# Fitting a Shelf to an Uneven Wall



## lew

I've run into a bit of a problem and hoping maybe someone can offer a suggestion.

I know how to scribe a cabinet or shelf to an uneven wall. My problem is the shelves are "corner" floating shelves. Although this is a brand new home, the corner is not square and the drywallers left a "hollow" between both outside corners and the 90 degree corner. If I scribe the shelf to the first wall, then the opposite side is no longer correct and visa versa. It appears to be a vicious circle, with the shelf getting smaller with each correction.

The client does not want any trim molding along the walls to detract from the floating "look" so this has to pretty close to a perfect fit. Any suggestion, ideas and comments are welcome!

Thanks!!

Lew


----------



## LesHastings

Take two pieces of 1/4 mdf or ply. Use one for each side, scribe and fit both to one side of the wall, then use them as templates for each side of your shelf. If the corner is out of square pin the two pieces together with a cross piece at the correct angle. Should solve the problem.


----------



## lew

Thanks!!!!!

Now that you explained it, the problem seems so simple. Wish I was not so much a one dimensional thinker!

Lew


----------



## motthunter

I would make a cardboard template.. this works well too.. you also can use hot glue and shim stock to mock it up like countertop guys do


----------



## lew

I made the one like the counter top guys do but then when I started to form it into shape I realized the problem.

I am going to try what Les suggested- making each side fit first- then make get the correct corner angle. Cardboard might be the best material to use because the shelves are only a little over 24" on each side and cutting and fitting the template would sure be easier- especially in the clients house.

Thanks for the ideas!

Lew


----------



## mmh

Suggestion #1: Re-dry wall the wall.
Suggestion #2: Install as is, Offer client a nice hard drink.
Suggestion #3: Dim lights.


----------



## lew

mmh,

I like those suggestions. I think I'll change the order-

Carpenter takes nice hard drink
Dim lights
Re-dry wall the wall
Take another hard drink
Give client shelf and let him put it up.


----------



## dustygirl

Lew you sound like one of the contractors that showed up at my last place.(LOL)


----------



## ropedog

option 4 hire a painter that goes heavy on the caulk.


----------



## romansfivefive

I am sure there is some sort of tool you should buy to do that job… even if you can just do it with cardboard.


----------



## AitchKay

Usually you scribe perpendicular to the surface. But the real rule is scribe in the direction you need to move.
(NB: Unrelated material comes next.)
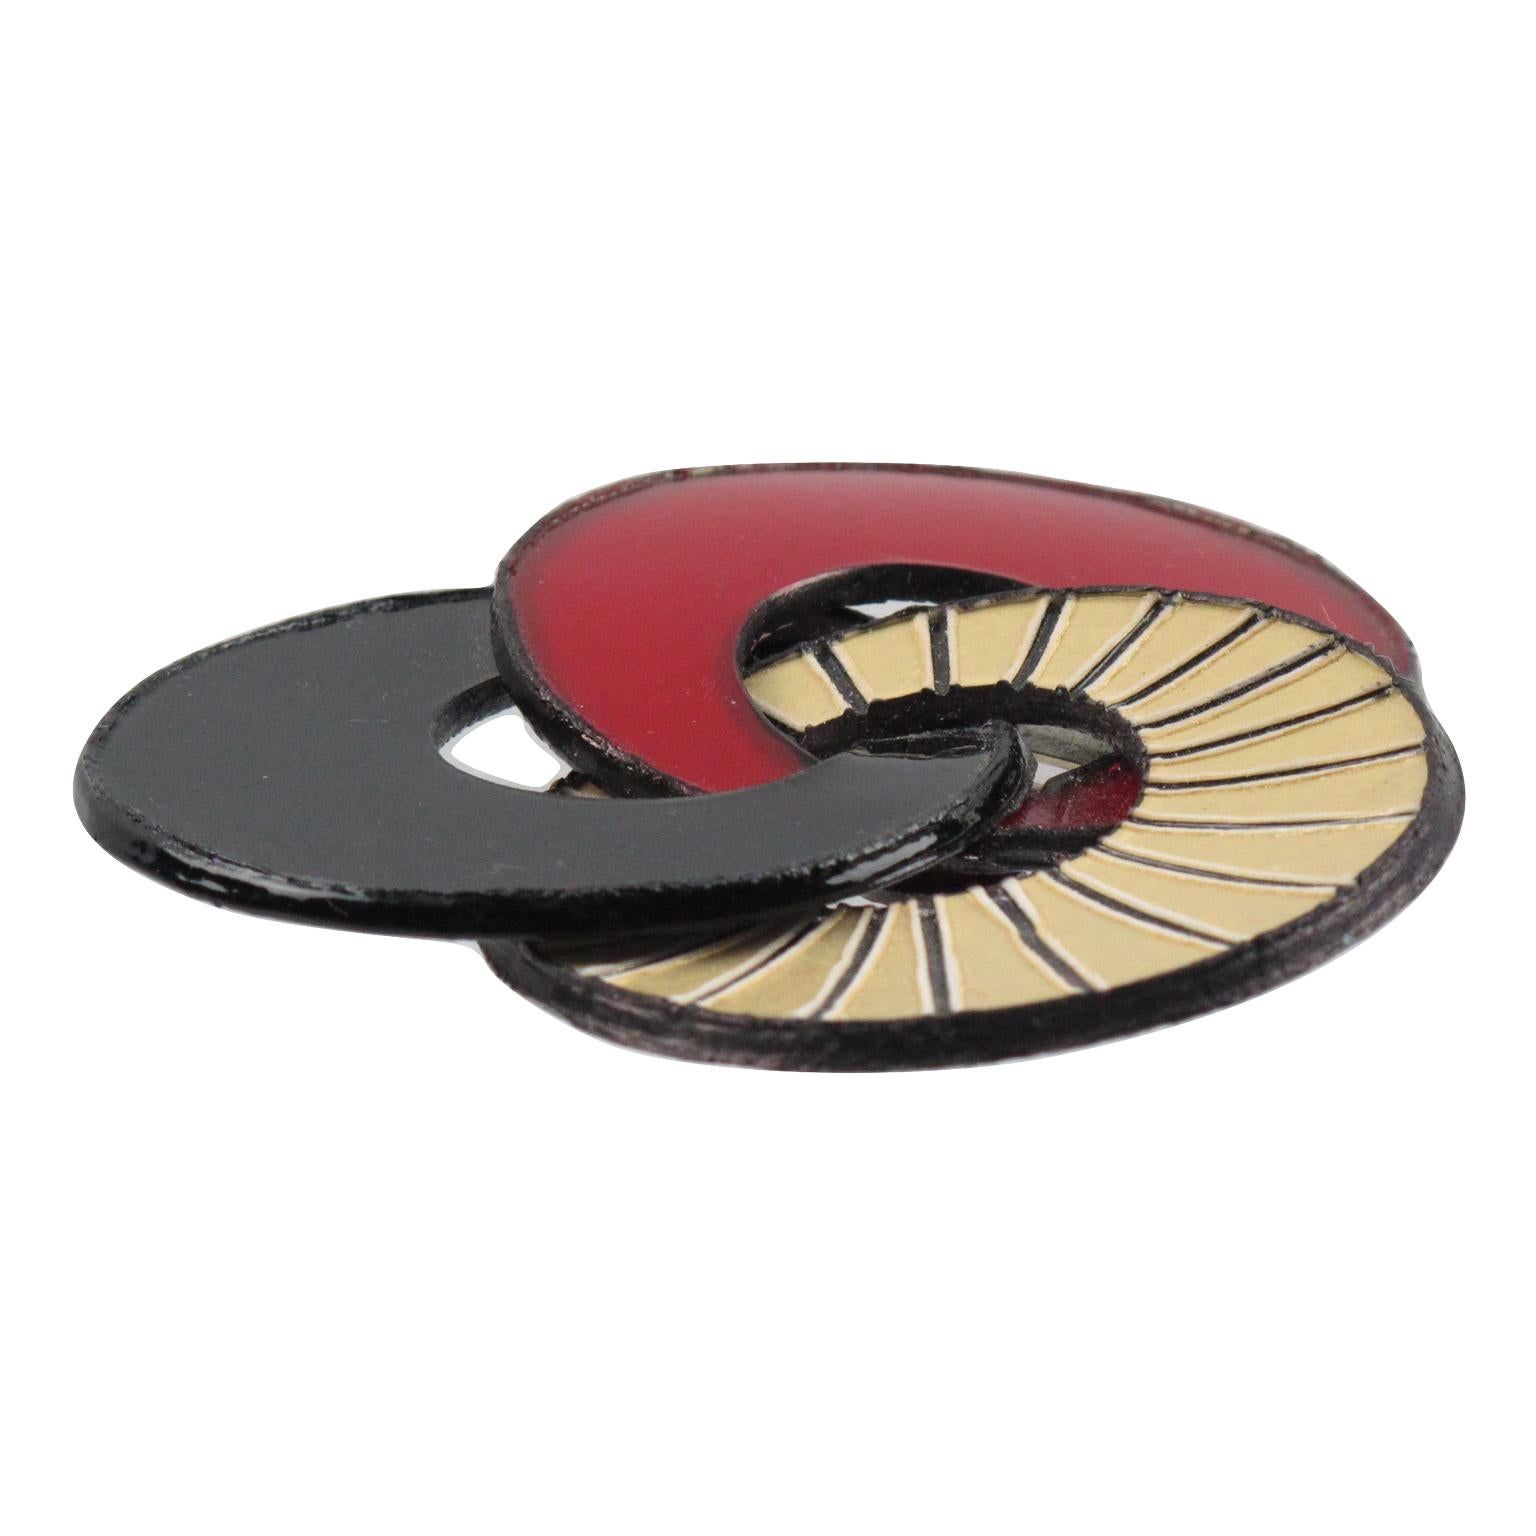 Cilea Paris Art Deco Inspired Red & Black Resin Pin Brooch 1
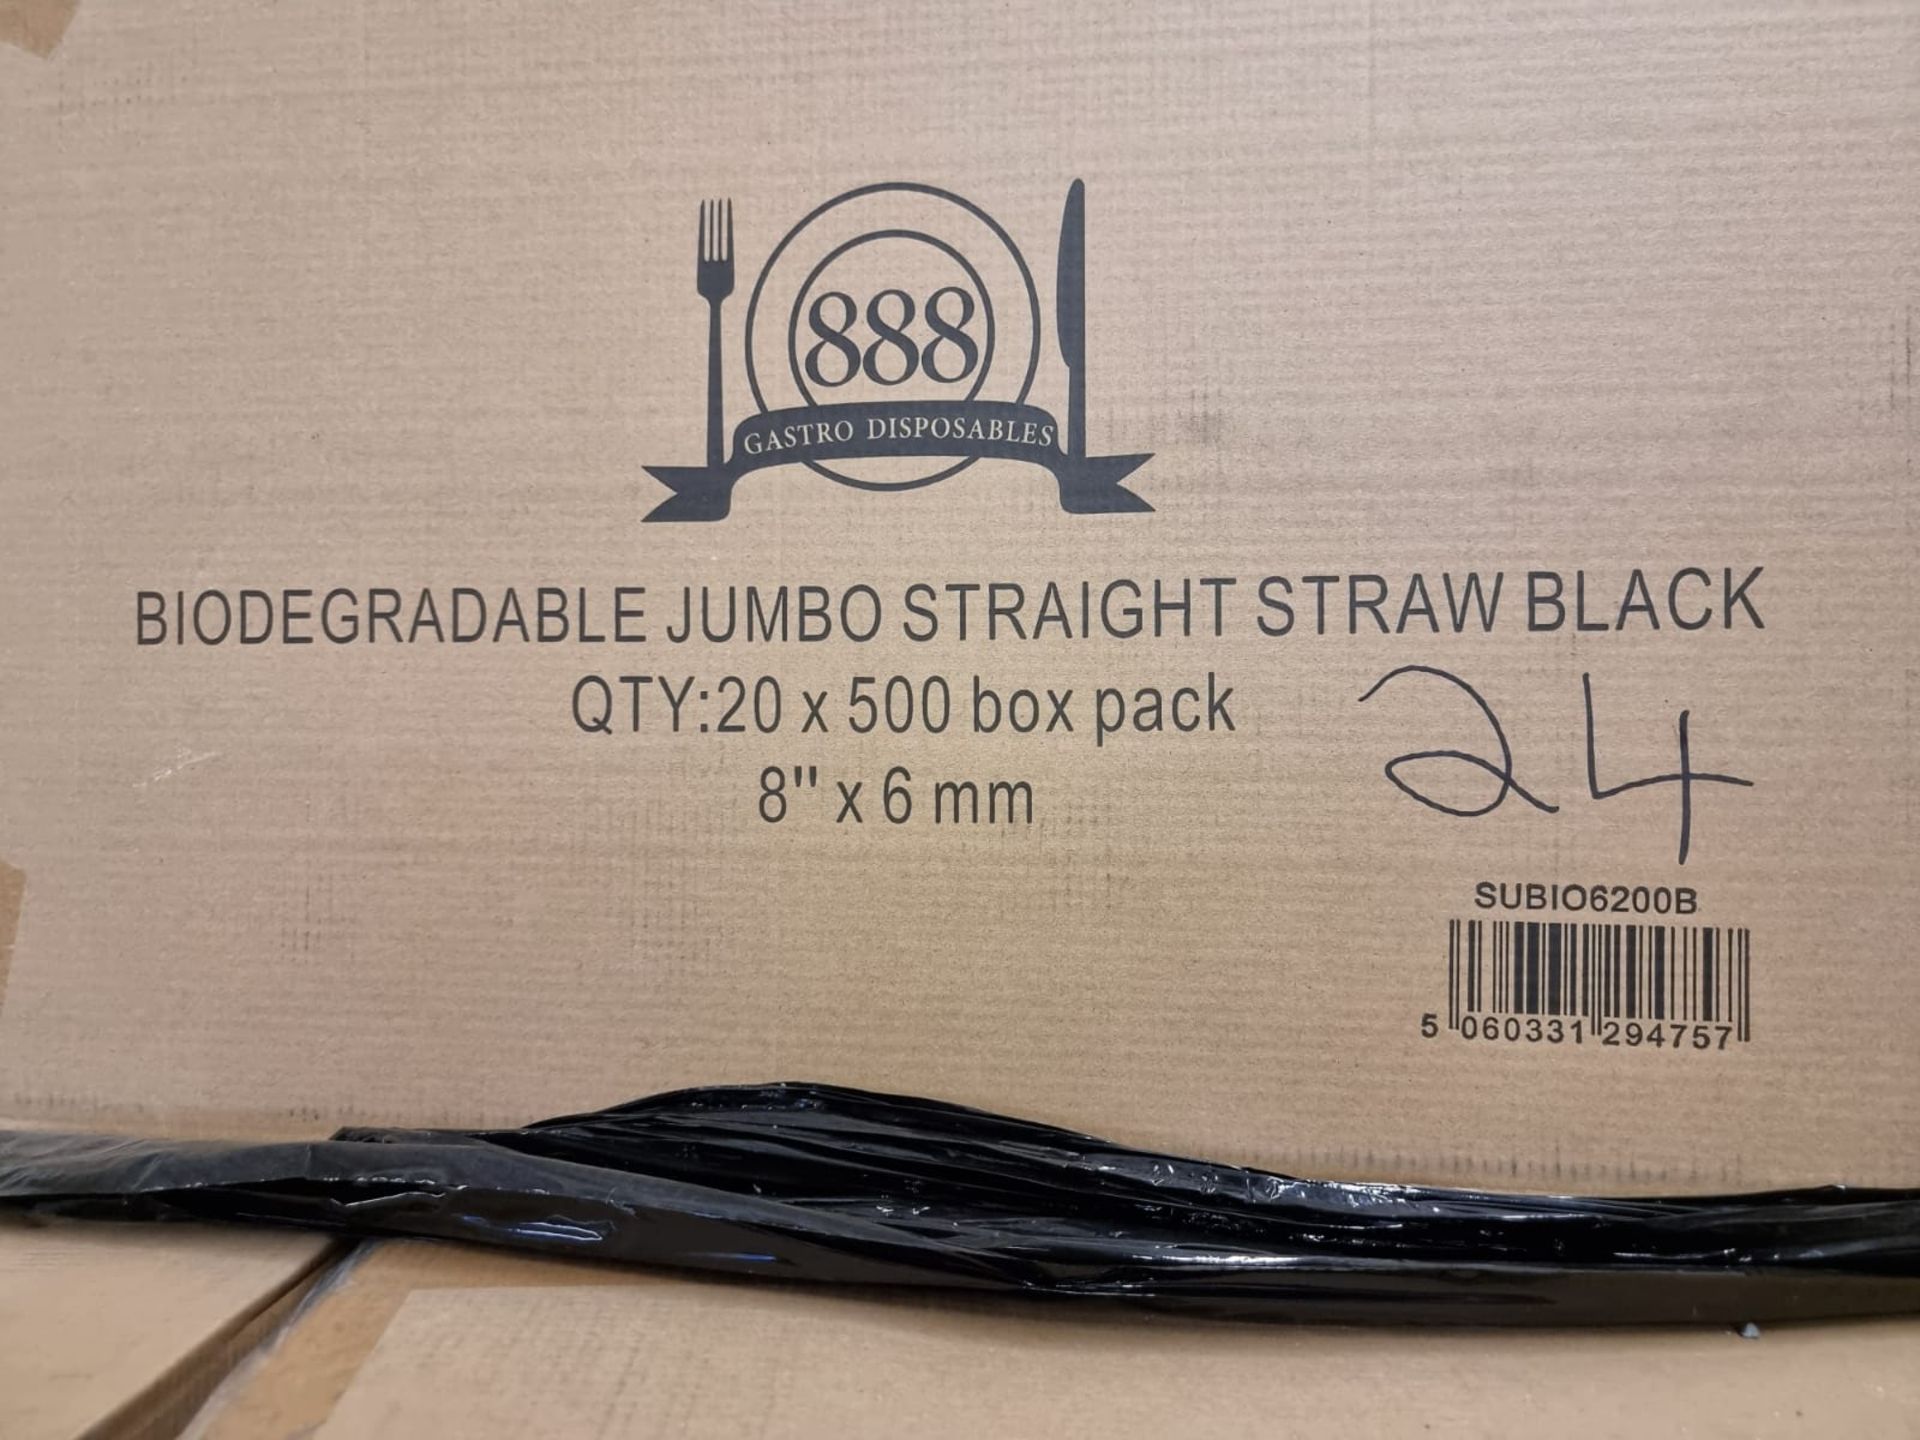 Approx 240,000 BIODEGRADABLE Jumbo Straw | Black - Image 2 of 3

In this case you need to scribe at a 45* angle to both walls, because you want to push your shelves in tight to the corner.

So set your pencil compass to the largest gap, set its fixed leg into the very inside corner of the wall, with the pencil leg sticking out at a 45* angle. Then mark both legs of the shelf.

If you start in the corner you should be able to eyeball the angle, but you can also make a few light reference lines-before you hold it to the wall, use your combination square to gauge these off of both wall legs. The reference lines will all be parallel, with one of them landing on the "miter" line of the inside corner.

Then hold the shelf to the wall, and scribe, making sure that both legs of the compass cross each refence line at exactly the same time.

As usual, this takes more time t describe than to do!

AitchKay


----------